TASK DETAILS
Give back the full listing verbatim, apart from its images.

RECORDED DATA

************

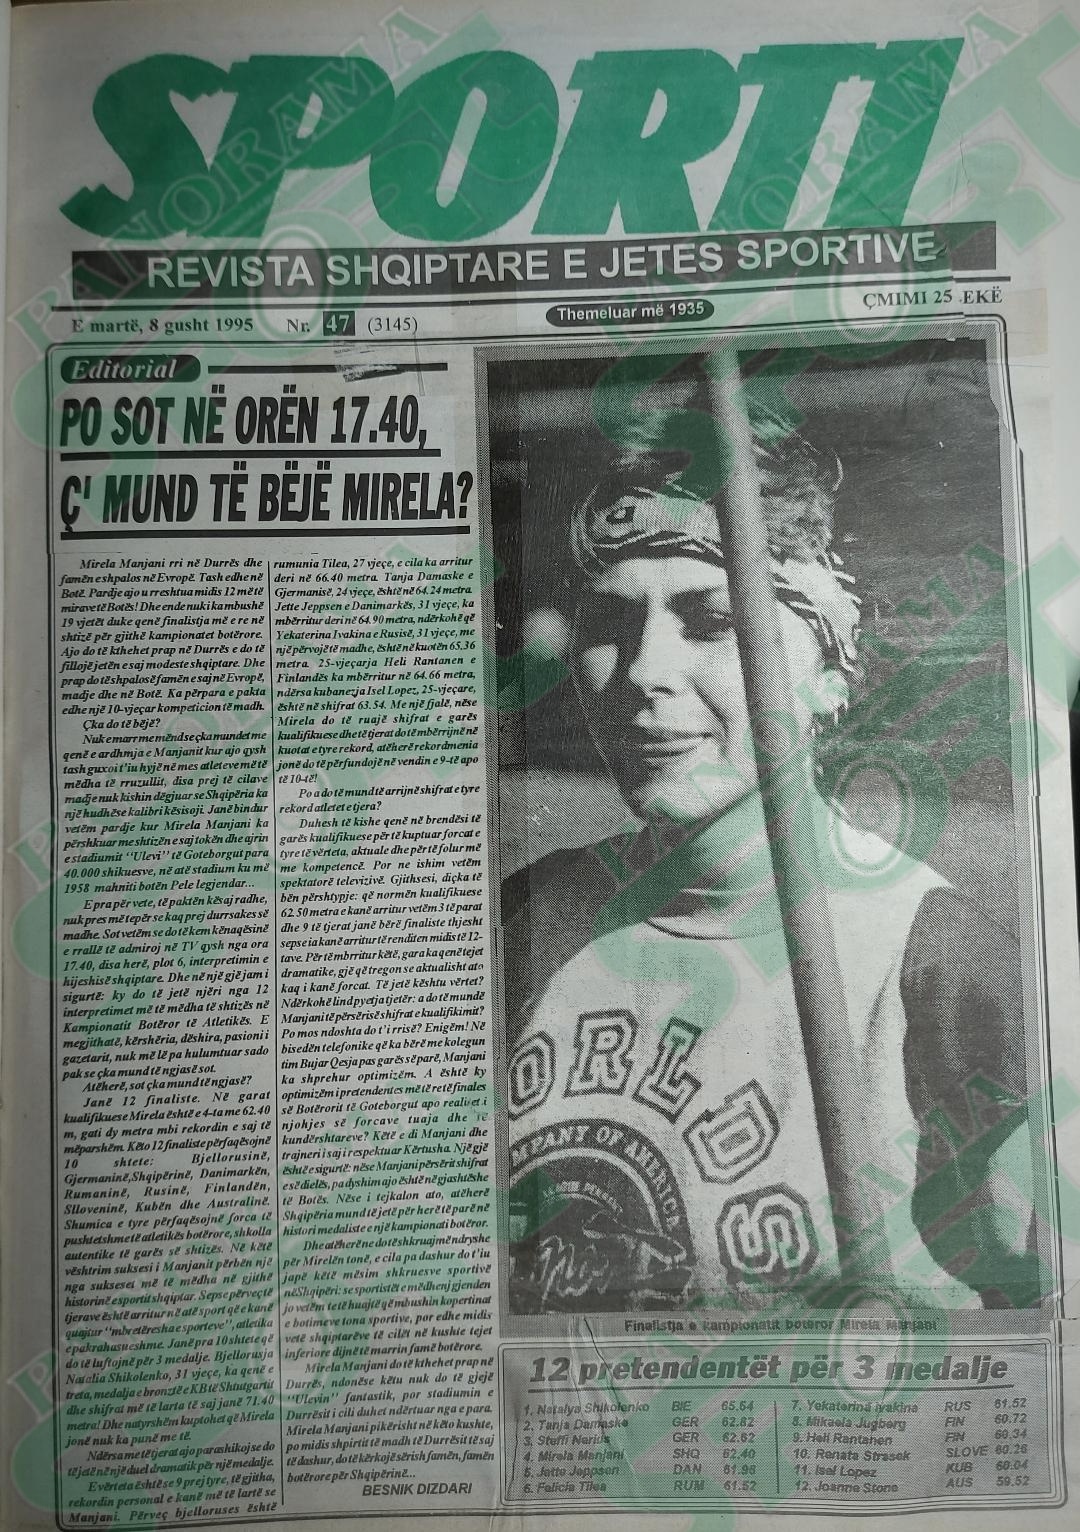 Faqja e parë e gazetës “Sporti”, 8 gusht 1995, kushtuar Mirela Manjanit - finalistes së parë shqiptare në prag të finales së shtizës të Kampionatit Botëror “GOTHENBURG 1995”.
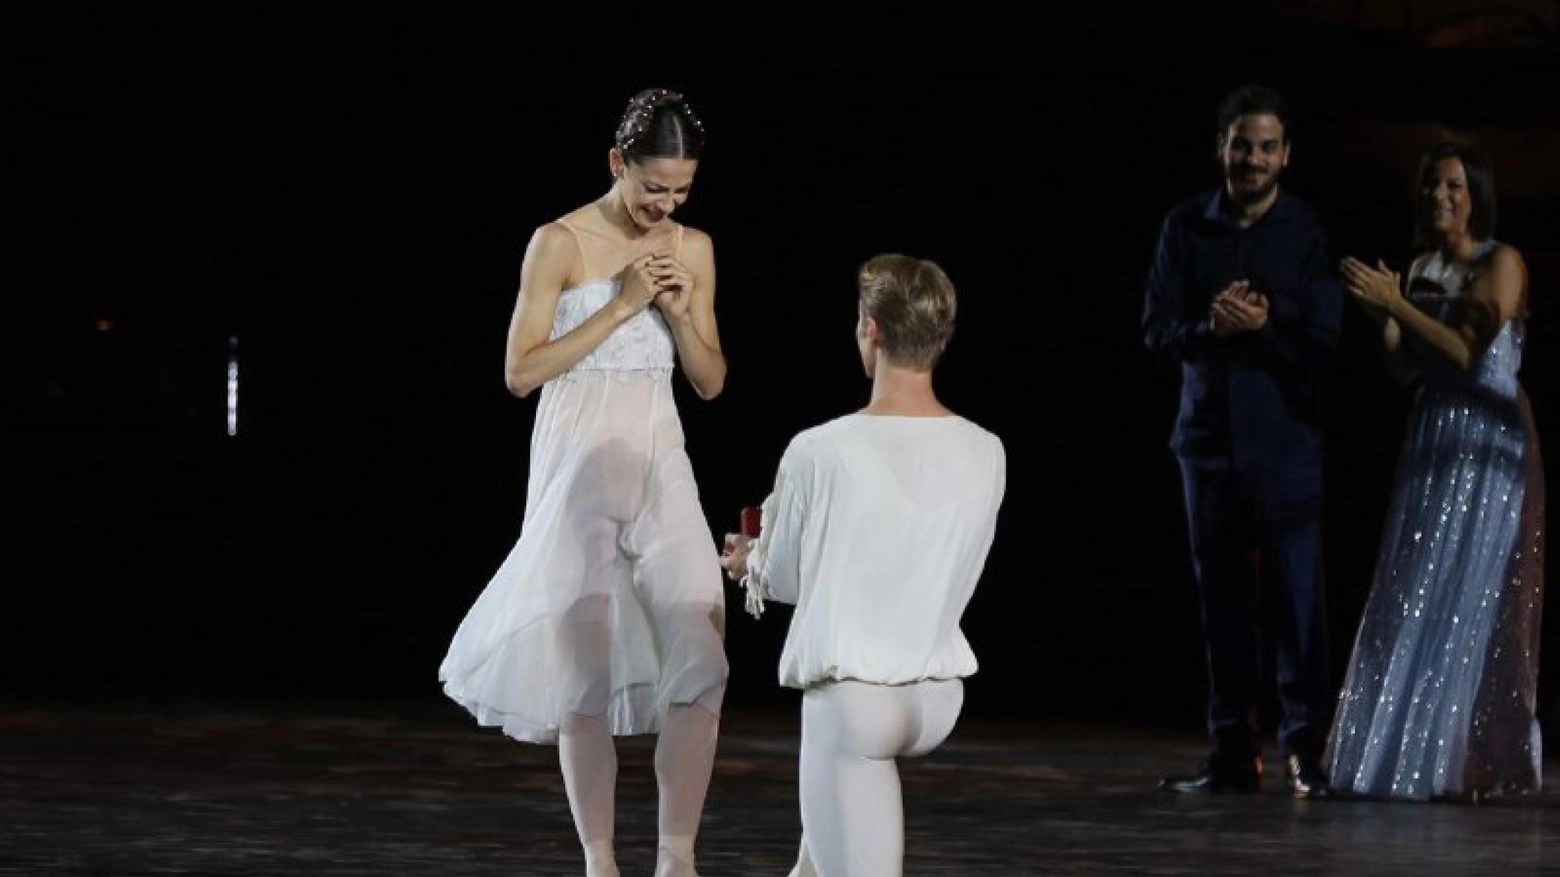 Arena di Verona, proposta di matrimonio di Timofej Andrijashenko a Nicoletta Manni
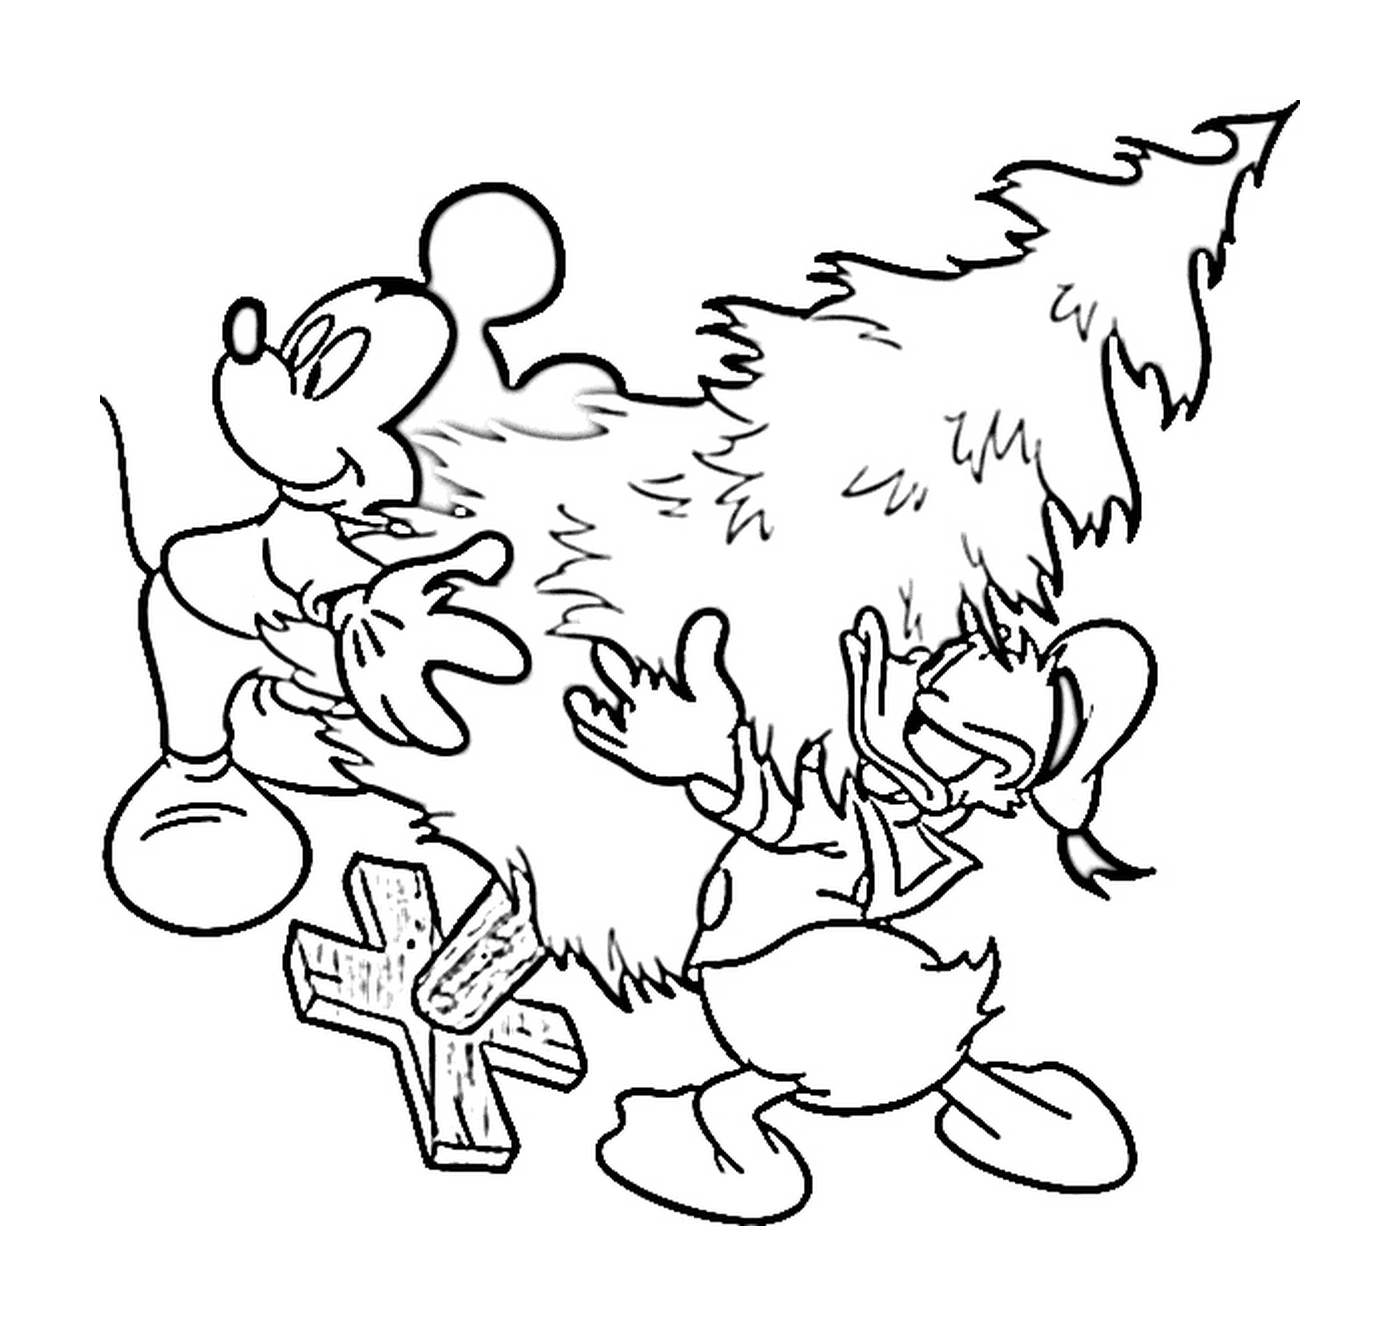  Cartoon personaggio di Goofy

************

REPLY TO THE EXERCISE
 Faqja e parë e gazetës “Sporti”, 8 gusht 1995, kushtuar Mirela Manjanit - finalistes së parë shqiptare në prag të finales së shtizës të Kampionatit Botëror “GOTHENBURG 1995”.
 Arena di Verona, proposta di matrimonio di Timofej Andrijashenko a Nicoletta Manni
  Cartoon personaggio di Goofy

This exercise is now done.